Mistral shipped Leanstral on March 16, 2026. It is a different kind of answer to the AI code quality problem—not more guardrails, not better test generation, but formal mathematical proof. Leanstral generates proofs that your code is provably correct against formal specifications. That is a fundamentally different level of verification from “the tests pass.”

What Is Leanstral?

Leanstral is an open-source AI agent built specifically for Lean 4, the formal proof programming language developed by Microsoft Research and widely used in mathematics and safety-critical software verification.

At its core: you write your code and your formal specification, and Leanstral generates the Lean 4 proof that your implementation satisfies the spec. If the proof compiles, the code is mathematically verified. Not “probably right.” Proven correct.

Mistral released it under Apache 2.0—fully open-source, commercially usable, no restrictions. They also offer a free API endpoint and embed it into Mistral Vibe (their coding environment) for teams that want managed access.

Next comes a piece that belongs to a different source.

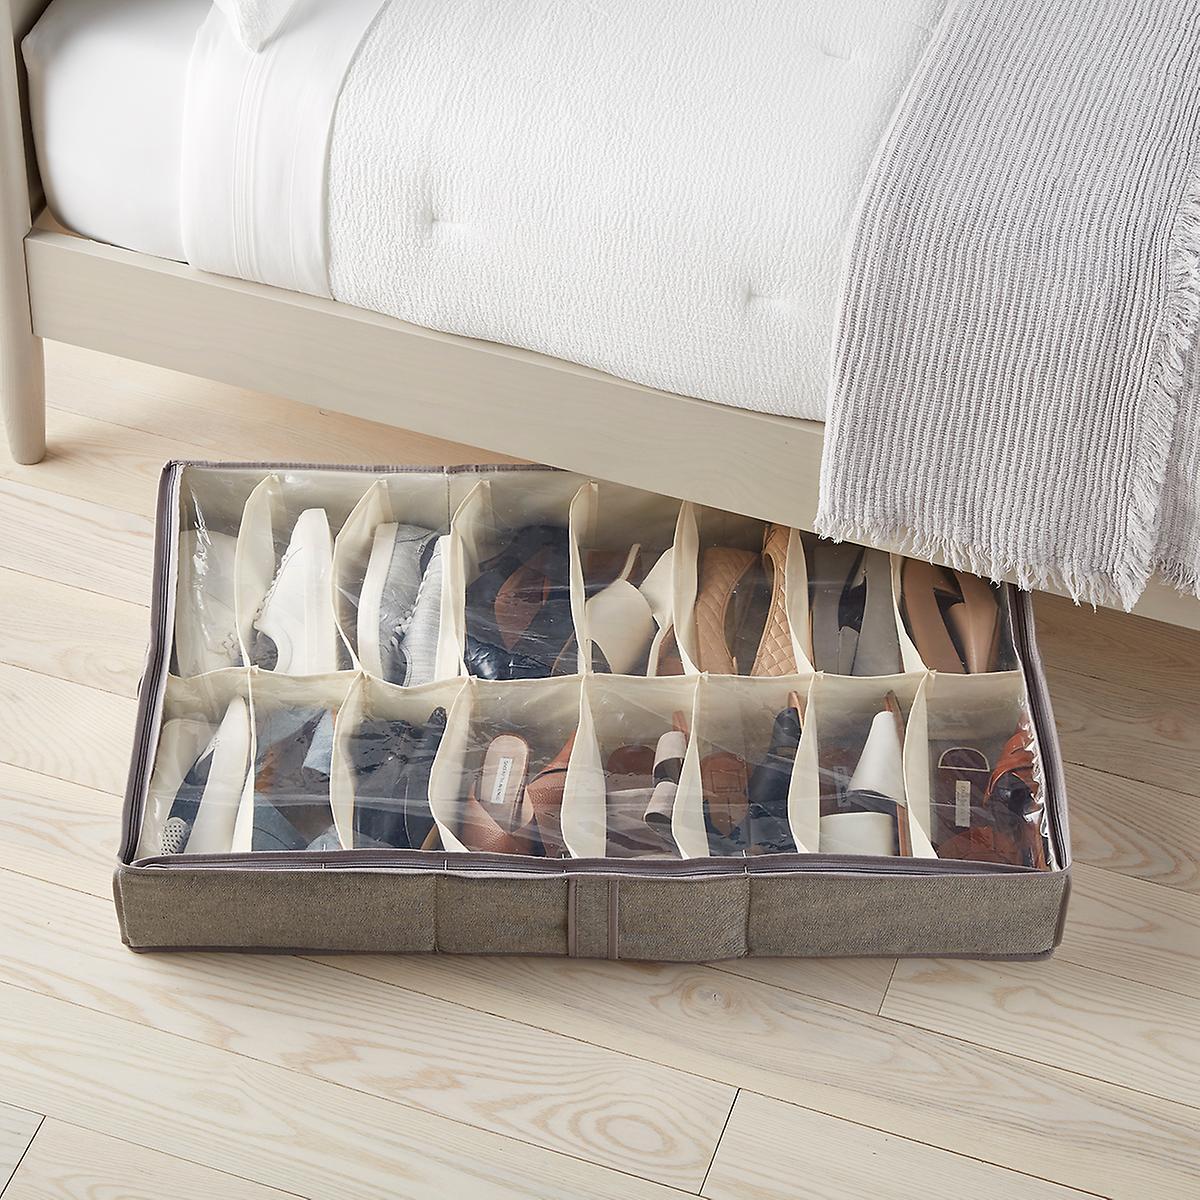 Under Bed Shoe Storage Tweed 16 Pair
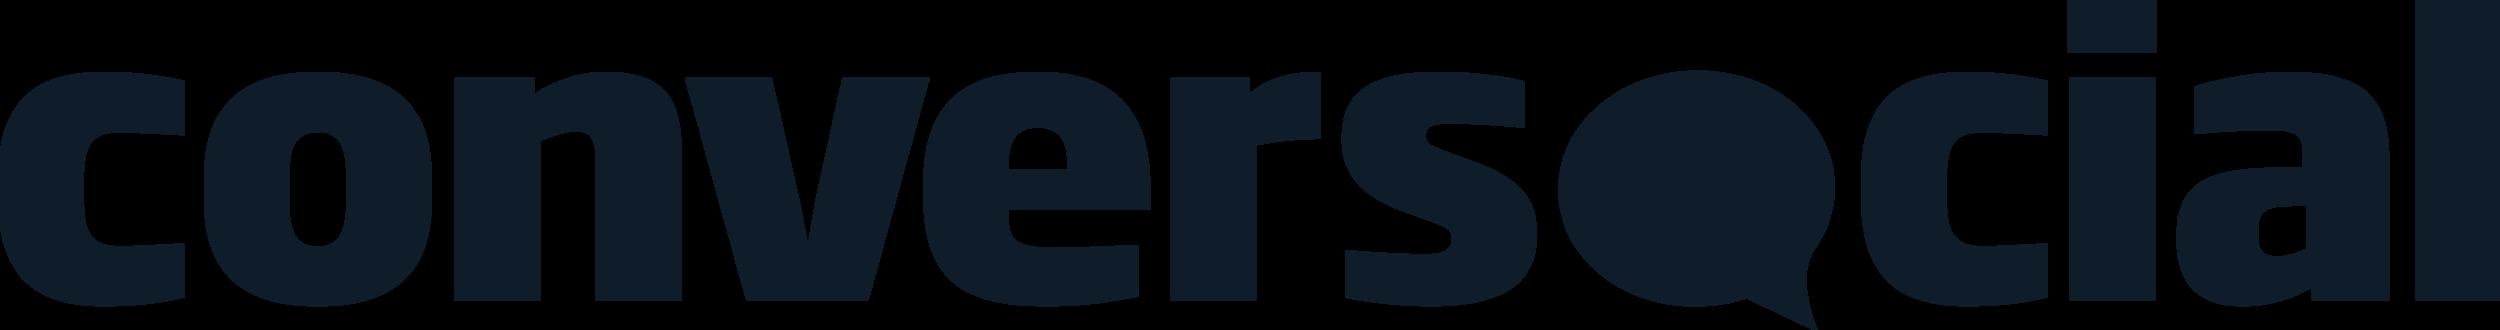 Conversocial_Logo.png

Why Formal Verification Matters Now

Formal verification has existed for decades. The reason it never went mainstream is the same reason most powerful tools do not: the learning curve is brutal, and the tooling friction is high. Writing Lean 4 proofs by hand requires deep expertise in type theory. Most engineers do not have it and do not want to acquire it.

Leanstral changes the equation. It lowers the barrier from “hire a formal methods expert” to “describe what your function should do.” The agent handles the proof generation. Lean’s compiler handles the verification. You get the guarantee without requiring your team to become mathematicians.

This matters specifically for:

Financial software where a calculation error is a liability event
Safety-critical systems (medical devices, aerospace, autonomous vehicles) where unverified behavior is a legal and ethical risk
Cryptography and security protocols where correctness is not optional
Smart contracts where a logic error is an irreversible financial loss
Frontier research mathematics where human verification is the bottleneck

Under the Hood

Leanstral is a 120-billion-parameter mixture-of-experts model, but it runs on just 6 billion active parameters per forward pass. This is Mistral’s signature architecture play: enormous model capacity, fraction of the compute cost.

The results back it up. On the MiniF2F benchmark (the standard evaluation set for formal math proofs):

Leanstral at pass@2: 26.3% — outperforms Claude Sonnet at $36 total cost vs $549
Leanstral at pass@4: 29.3% — continues scaling linearly
Claude Opus remains ahead at higher pass counts, but at dramatically higher cost

For most practical use cases, Leanstral at pass@2 or pass@4 delivers verification results that would cost 10–15x more with comparable commercial models. At Apache 2.0 licensing, you can self-host it for effectively zero incremental cost.

How It Works in Practice

Leanstral integrates with Lean’s Language Server Protocol via MCP (Model Context Protocol), the same protocol used by Claude Code and Cursor for tooling integration. If you already work in a Lean 4 development environment, the integration is straightforward.

Mistral demonstrated it handling a real Stack Exchange debugging question: a breaking change in Lean 4.29.0-rc6 had introduced a type alias behavior change. Leanstral correctly diagnosed the definitional equality issue and identified that swapping def for abbrev would restore tactic matching. That is the kind of context-aware reasoning that distinguishes a trained specialist from a general-purpose model that happens to know some Lean syntax.

The workflow looks like this:

Write your function in Lean 4 (or have an AI coding assistant generate it)
Describe the formal specification—what inputs produce what outputs, what invariants must hold
Leanstral generates the proof
Lean’s compiler verifies the proof
If it compiles, your code is mathematically proven correct

Pricing and Access

Three ways to use Leanstral:

Free API endpoint: Mistral provides free access to the Leanstral model via their API. No pricing listed for the API tier—effectively free at launch for evaluation and open-source projects.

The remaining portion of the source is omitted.